**About this task:**
Restate the listing below word for word, and leave its pictures behind.

**Data segment:**

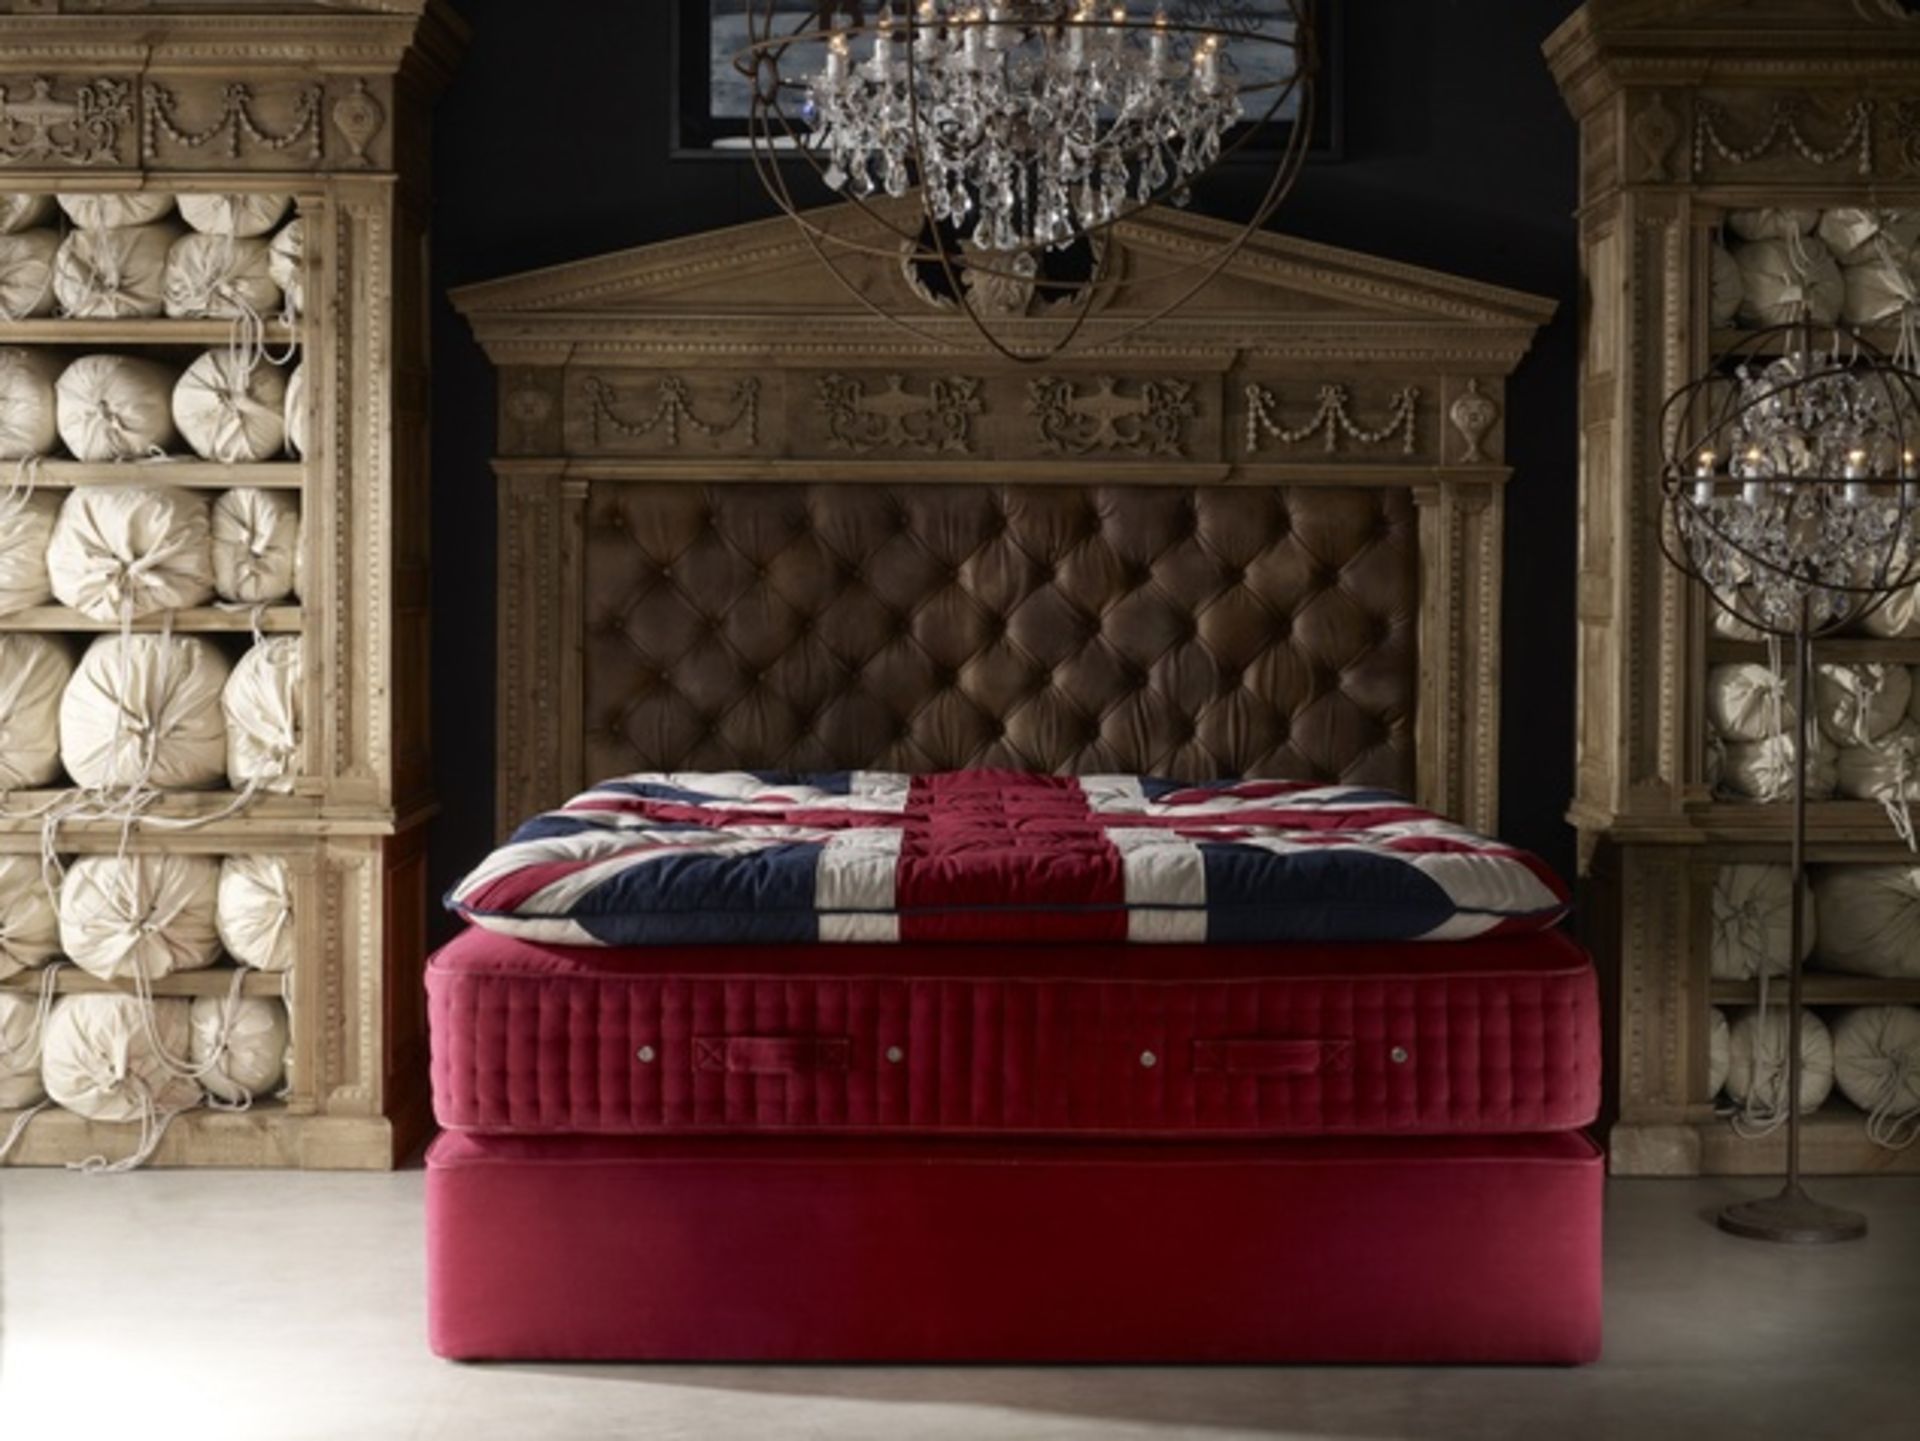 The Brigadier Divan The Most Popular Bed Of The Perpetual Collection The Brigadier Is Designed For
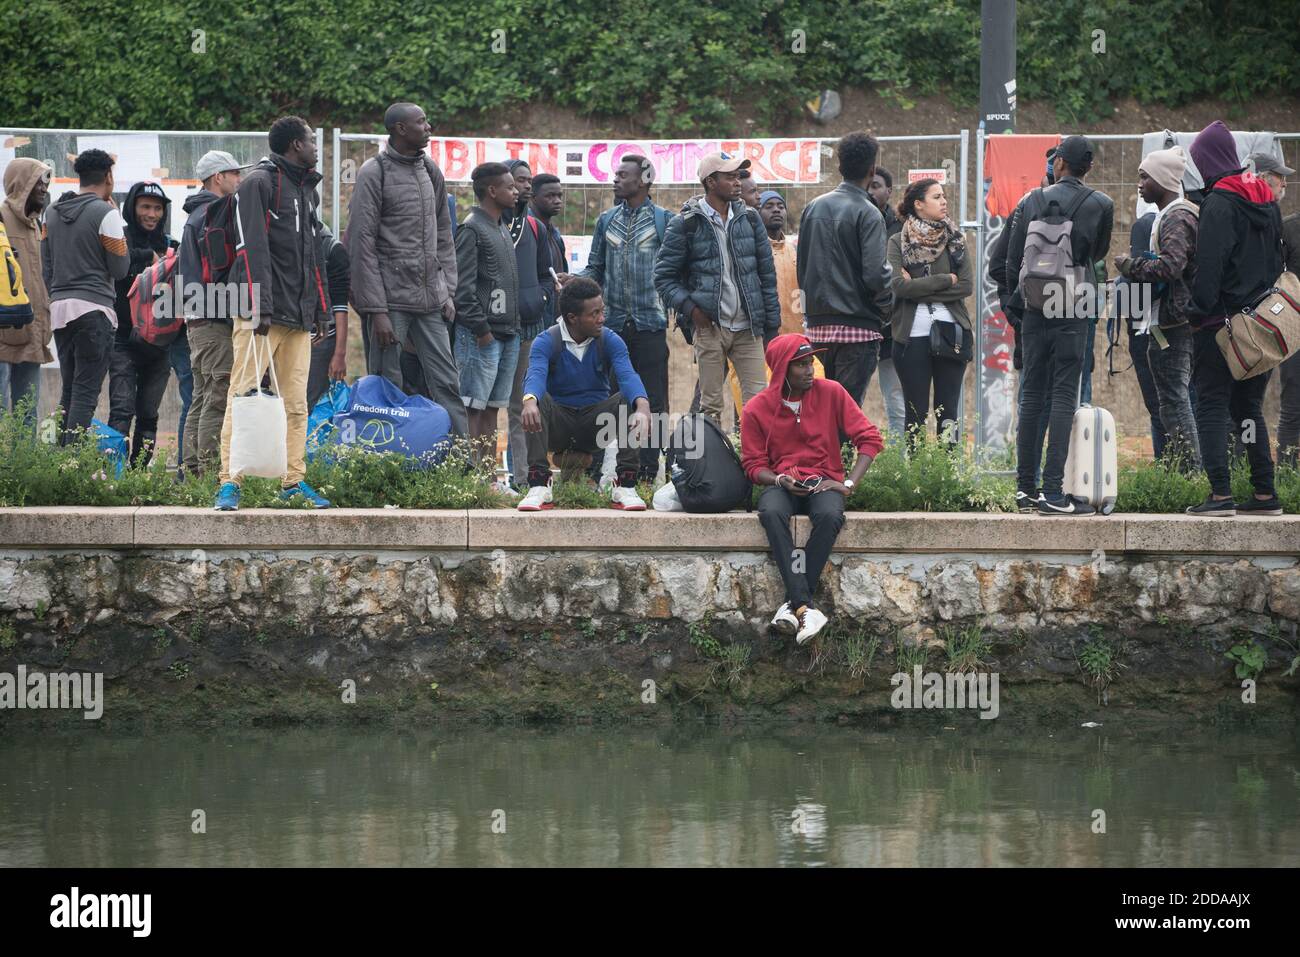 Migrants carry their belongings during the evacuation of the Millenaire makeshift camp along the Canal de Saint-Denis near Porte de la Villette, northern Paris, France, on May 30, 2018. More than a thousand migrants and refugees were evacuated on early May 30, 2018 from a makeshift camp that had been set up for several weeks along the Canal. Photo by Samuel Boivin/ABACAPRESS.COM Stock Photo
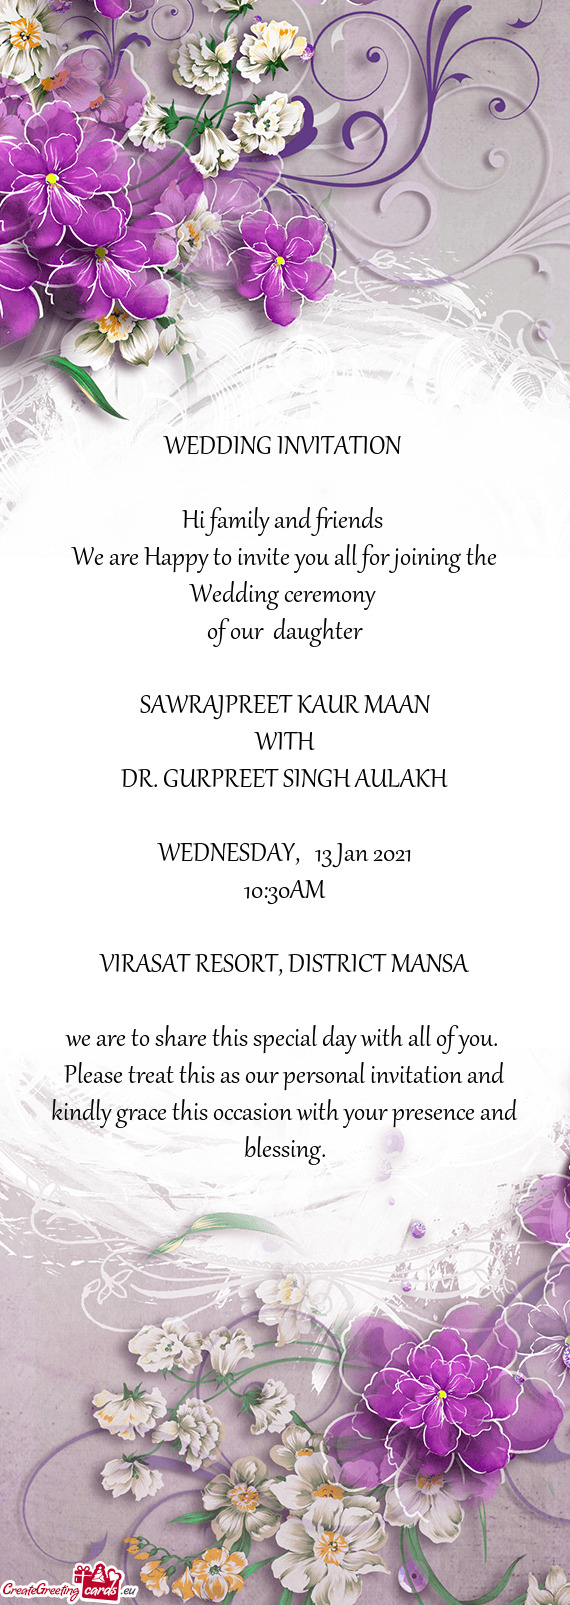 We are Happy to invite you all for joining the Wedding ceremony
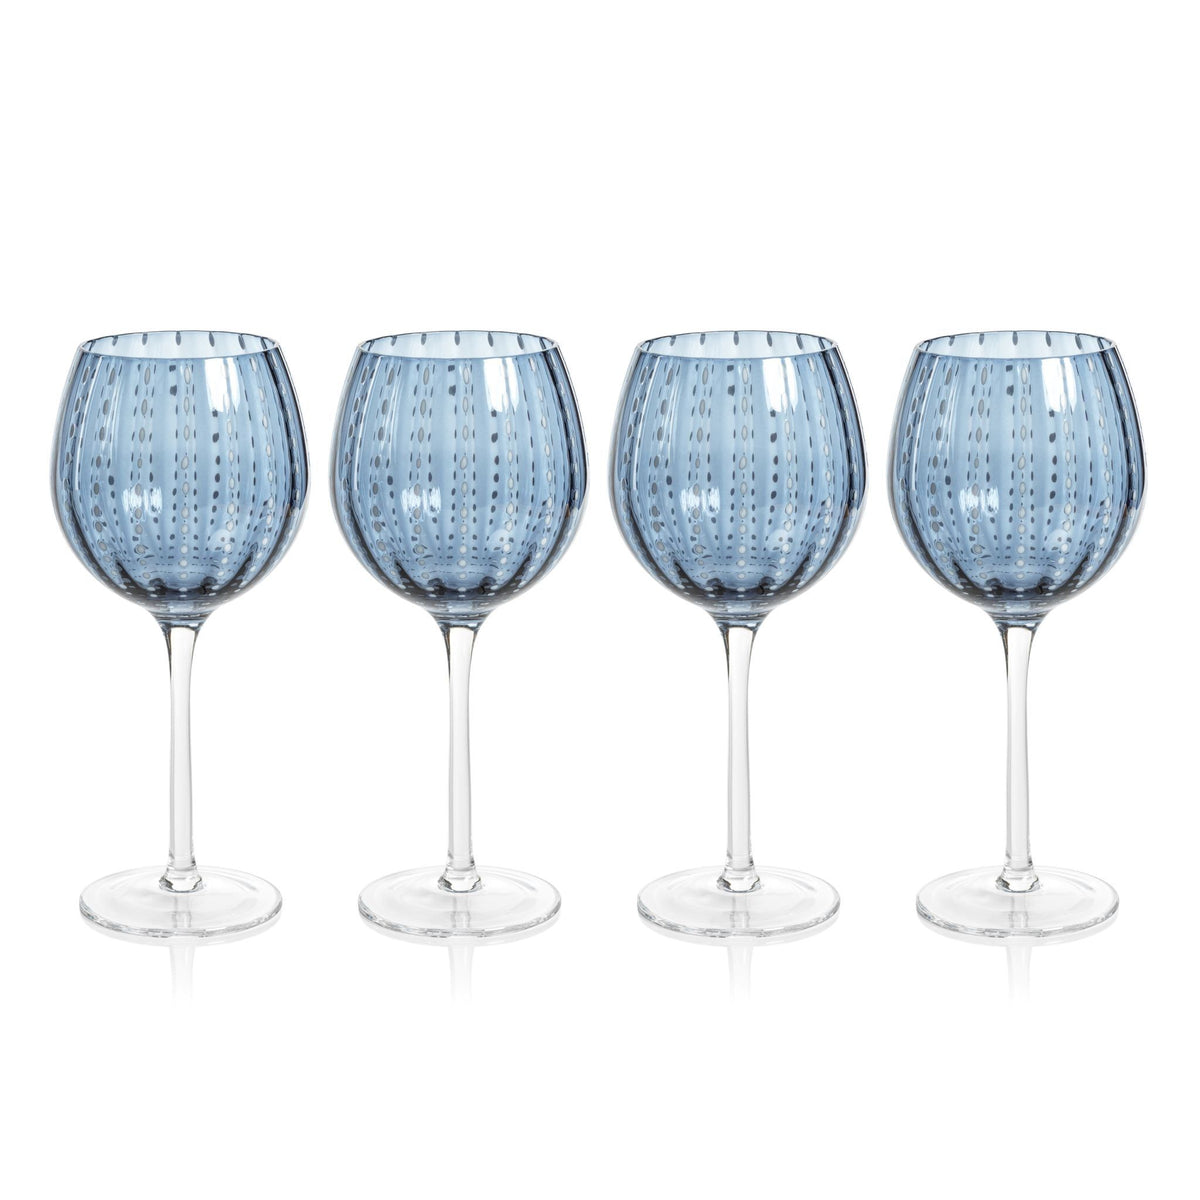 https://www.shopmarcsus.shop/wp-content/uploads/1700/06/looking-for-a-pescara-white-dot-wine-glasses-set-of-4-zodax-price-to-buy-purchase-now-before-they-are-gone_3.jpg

**Answer to this problem:**
 The Brigadier Divan The Most Popular Bed Of The Perpetual Collection The Brigadier Is Designed For
 Migrants carry their belongings during the evacuation of the Millenaire makeshift camp along the Canal de Saint-Denis near Porte de la Villette, northern Paris, France, on May 30, 2018. More than a thousand migrants and refugees were evacuated on early May 30, 2018 from a makeshift camp that had been set up for several weeks along the Canal. Photo by Samuel Boivin/ABACAPRESS.COM Stock Photo
 We are Happy to invite you all for joining the Wedding ceremony
 https://www.shopmarcsus.shop/wp-content/uploads/1700/06/looking-for-a-pescara-white-dot-wine-glasses-set-of-4-zodax-price-to-buy-purchase-now-before-they-are-gone_3.jpg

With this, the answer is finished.